When I do the same in Firefox 22.0:
first request (after page loading):
GET http://localhost/GetVideo.ashx?id=mp4 HTTP/1.1
Host: localhost
User-Agent: Mozilla/5.0 (Windows NT 6.2; WOW64; rv:22.0) Gecko/20100101 Firefox/22.0
Accept: video/webm,video/ogg,video/*;q=0.9,application/ogg;q=0.7,audio/*;q=0.6,*/*;q=0.5
Accept-Language: ru-RU,ru;q=0.8,en-US;q=0.5,en;q=0.3
Range: bytes=0-
Referer: http://localhost/JWPlayerTestMp4Proper.aspx
Connection: keep-alive
first response (it is the same as for Chrome):
HTTP/1.1 206 Partial Content
Cache-Control: private
Content-Length: 5186931
Content-Type: video/mp4
Content-Range: bytes 0-5186930/5186931
Accept-Ranges: bytes
Server: Microsoft-IIS/8.0
X-AspNet-Version: 4.0.30319
X-Powered-By: ASP.NET
Date: Mon, 22 Jul 2013 08:28:19 GMT
second request (after seeking to yet not downloaded part):
GET http://localhost/GetVideo.ashx?id=mp4 HTTP/1.1
Host: localhost
User-Agent: Mozilla/5.0 (Windows NT 6.2; WOW64; rv:22.0) Gecko/20100101 Firefox/22.0
Accept: video/webm,video/ogg,video/*;q=0.9,application/ogg;q=0.7,audio/*;q=0.6,*/*;q=0.5
Accept-Language: ru-RU,ru;q=0.8,en-US;q=0.5,en;q=0.3
Range: bytes=2490368-
Referer: http://localhost/JWPlayerTestMp4Proper.aspx
Connection: keep-alive
second response:
HTTP/1.1 206 Partial Content
Cache-Control: private
Content-Length: 2696563
Content-Type: video/mp4
Content-Range: bytes 2490368-5186930/5186931
Accept-Ranges: bytes
Server: Microsoft-IIS/8.0
X-AspNet-Version: 4.0.30319
X-Powered-By: ASP.NET
Date: Mon, 22 Jul 2013 08:35:34 GMT
IE 10 is working in the same way as Firefox.

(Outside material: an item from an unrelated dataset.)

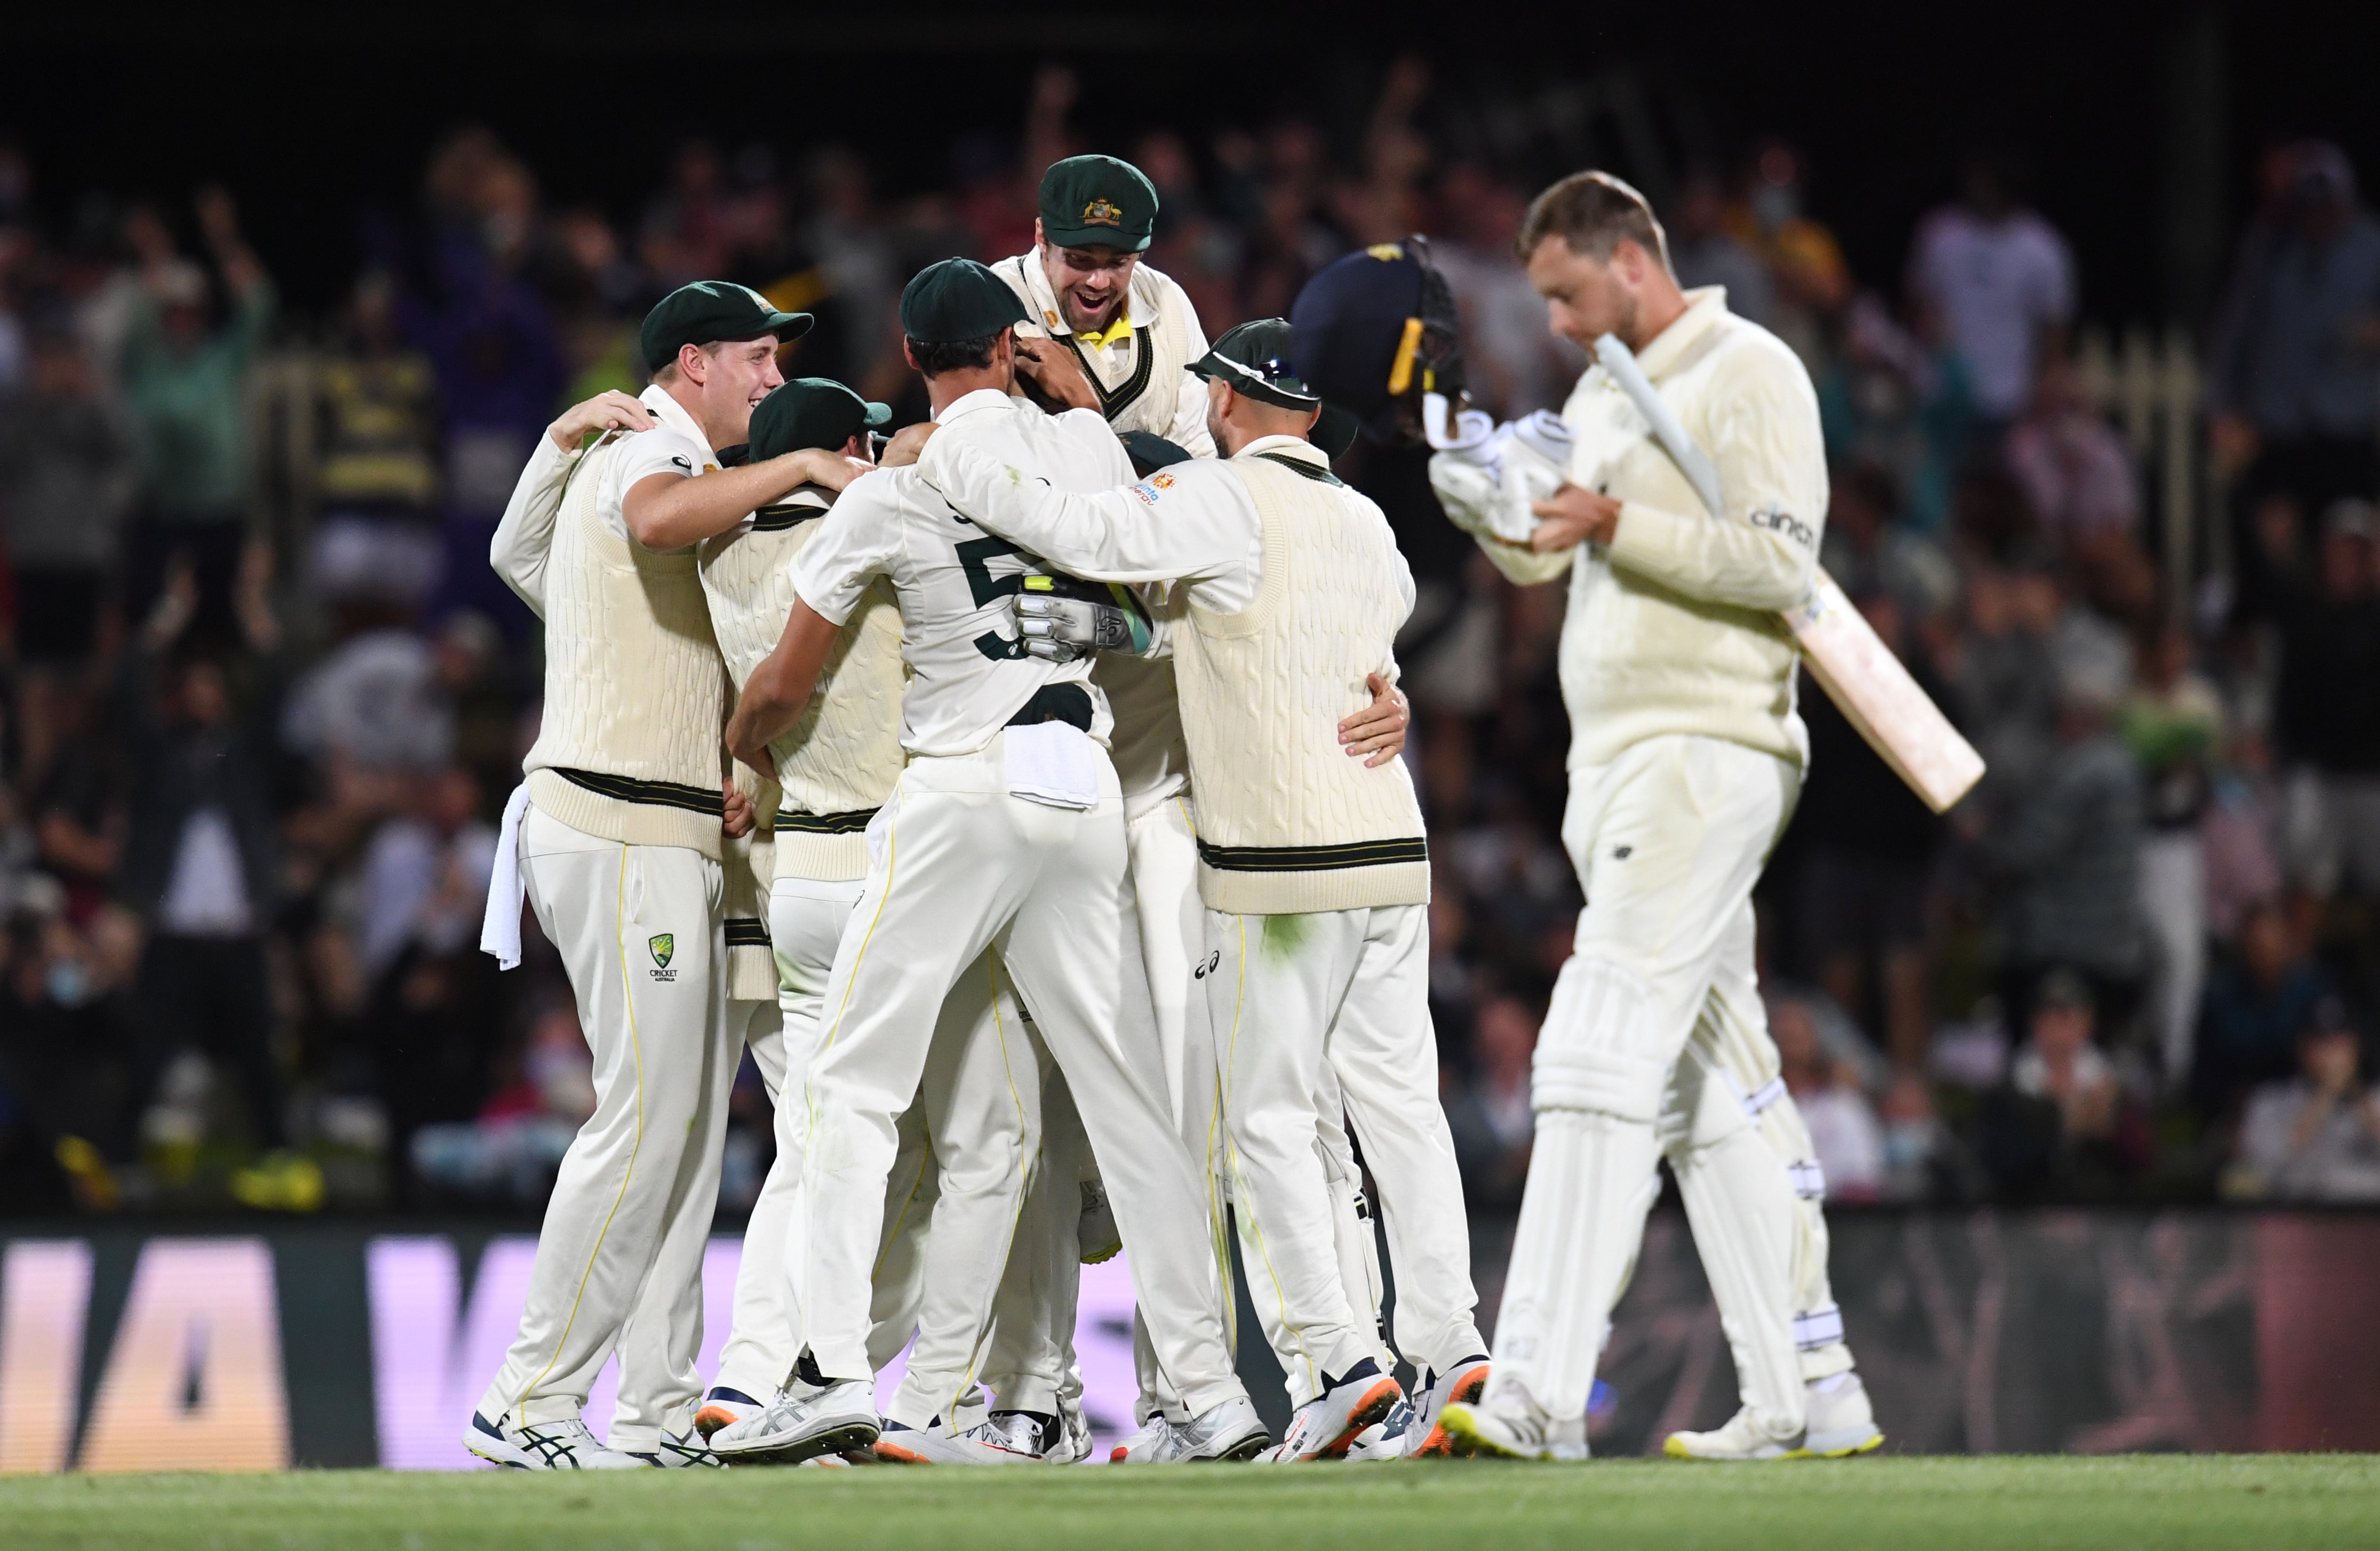 Australia celebrate winning the fifth Ashes Test in Hobart and sealing a 4-0 series win (Darren England via AAP)

What response header Chrome expects to be able to behave in the same way - to make addtional requests after seeking to not-downloaded part?
It turned out response header was correct.
The problem was I was using video file with small length and chrome appears to have some kind of optimization not sending additional request if difference in time is too small (less then 30 seconds or so).